10.3341/jkos.2017.58.8.993
- Author:
Jun Myeong YUN
1
;
Kyung Sun NA
;
Myung Shin KIM
;
Hyun Seung KIM
;
Hyung Bin HWANG
Author Information
1. Department of Ophthalmology, Incheon St. Mary's Hospital, College of Medicine, The Catholic University of Korea, Incheon, Korea. leoanzel@catholic.ac.kr
- Publication Type:Case Report
- Keywords:
Cornea;
Steroid sulfatase gene;
X-linked ichthyosis
- MeSH:
Cornea;
Corneal Opacity;
Diagnosis;
Extremities;
Gene Deletion;
Humans;
Ichthyosis*;
Multiplex Polymerase Chain Reaction;
Pruritus;
Siblings;
Skin;
Steryl-Sulfatase;
Twins, Monozygotic
- From:Journal of the Korean Ophthalmological Society
2017;58(8):993-997
- CountryRepublic of Korea
- Language:Korean
-
Abstract:
PURPOSE: To report the first case of steroid sulfatase (STS) gene deletion, confirmed by multiplex ligation-dependent probe amplification (MLPA) analysis in identical twins with pre-Descemet corneal dystrophy associated with X-linked ichthyosis.
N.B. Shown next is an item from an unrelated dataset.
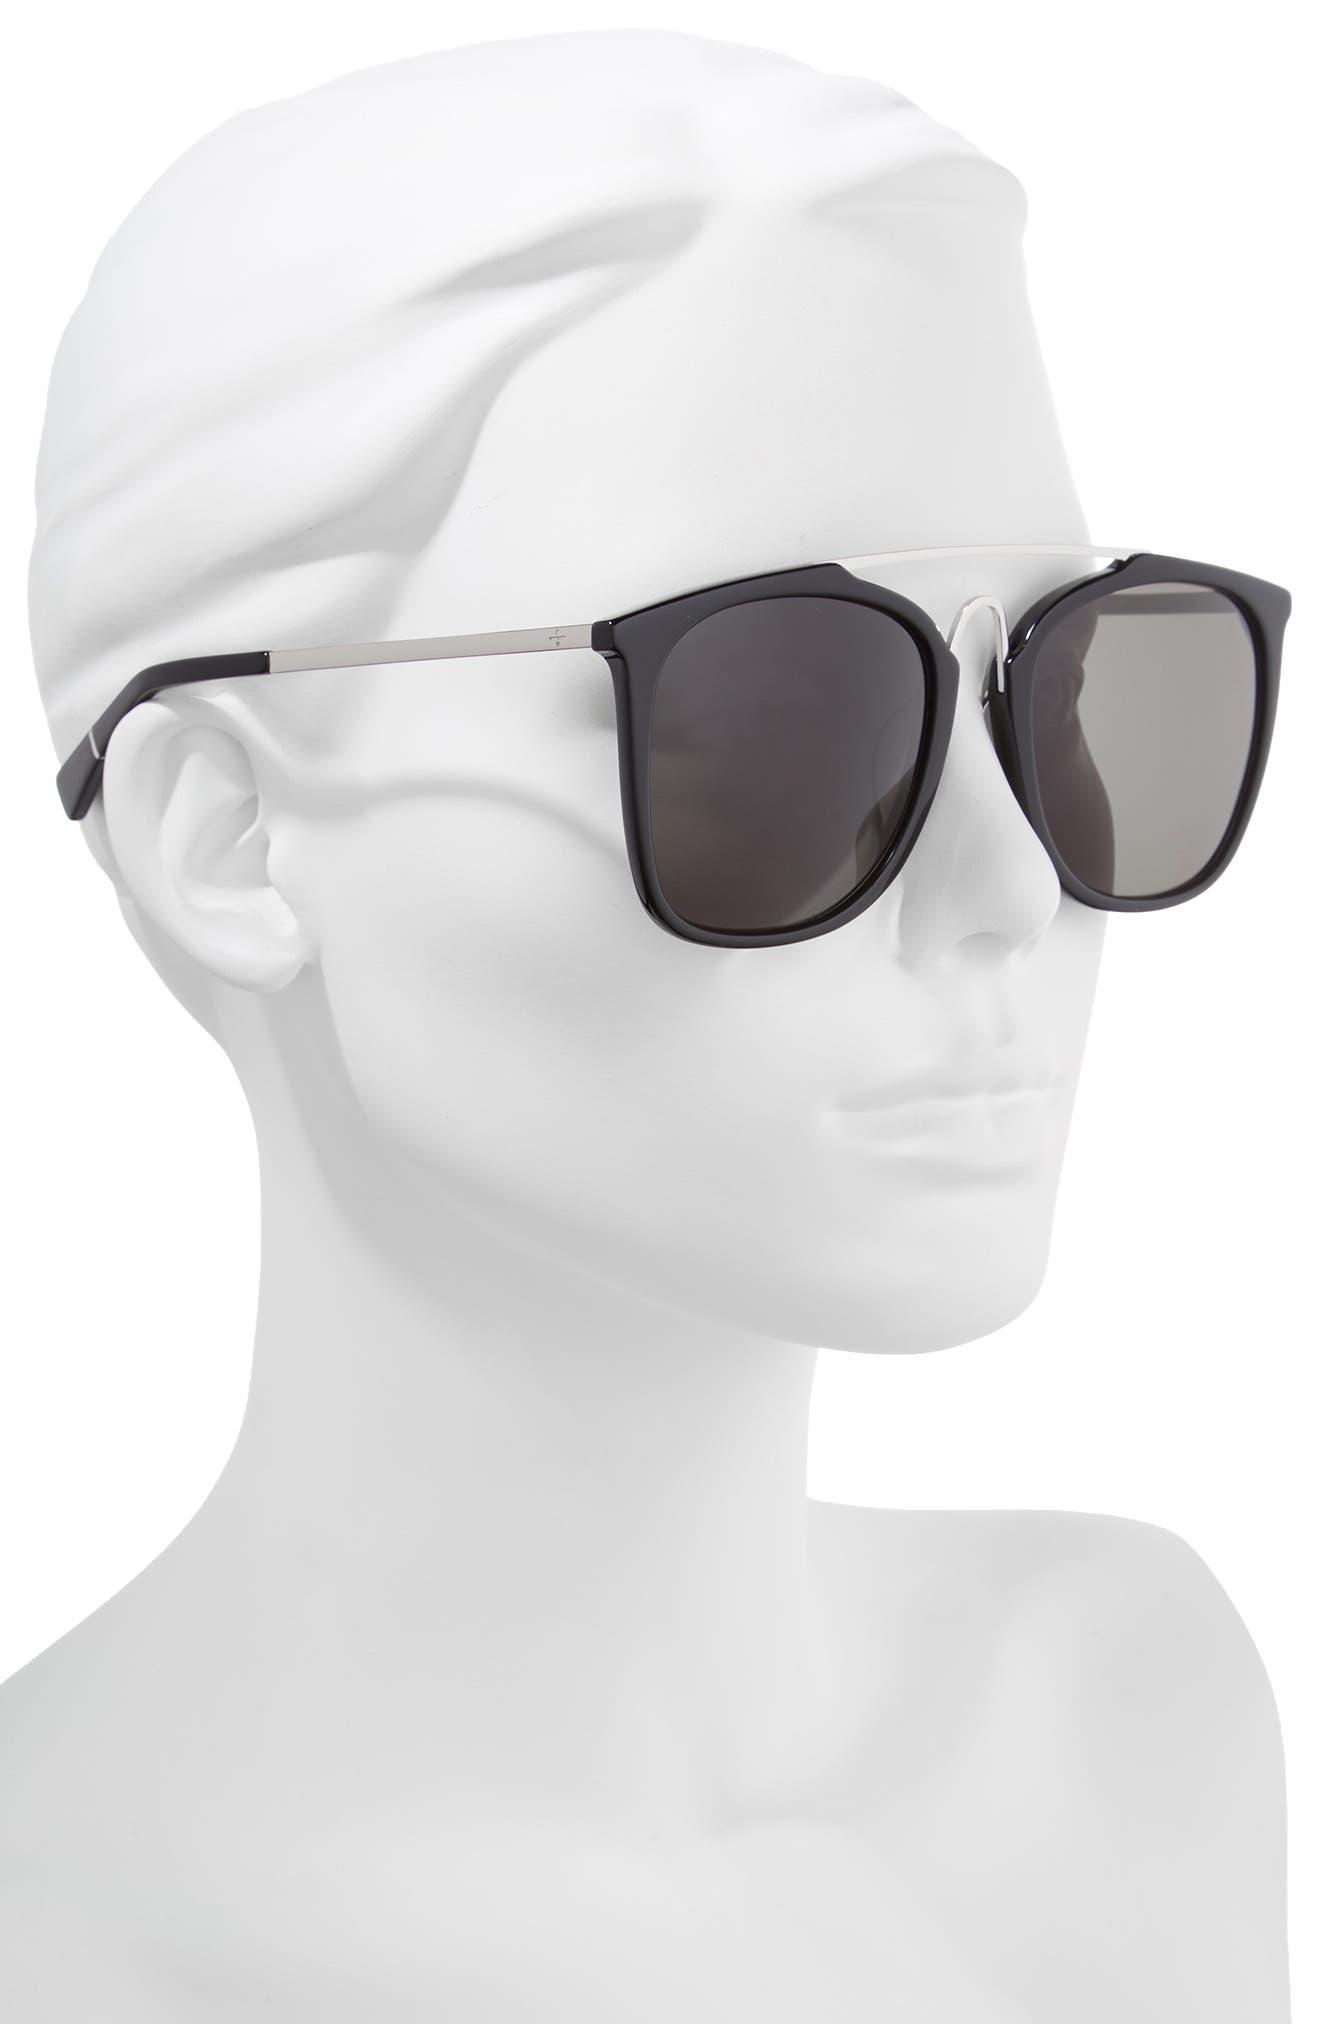 BLANC & ECLARE Bangkok 57mm Polarized Sunglasses,                             Alternate thumbnail 3, color,

CASE SUMMARY: 19-year old identical twin brothers with itching senses and hereditary thick scaly skin of the extremity and trunk visited our dermatologic clinic. Upon visiting, an ophthalmologic consultation with anterior segment examination showed diffuse punctate corneal opacities in the pre-Descemet layer. On MLPA analysis of the identical twin brothers, a definitive diagnosis of X-linked ichthyosis was made by identifying STS gene deletion. CONCLUSIONS: Identification of the deletion and mutation of the involved gene using gene analysis can provide insight to diagnosis and clinical characteristics of X-linked ichthyosis.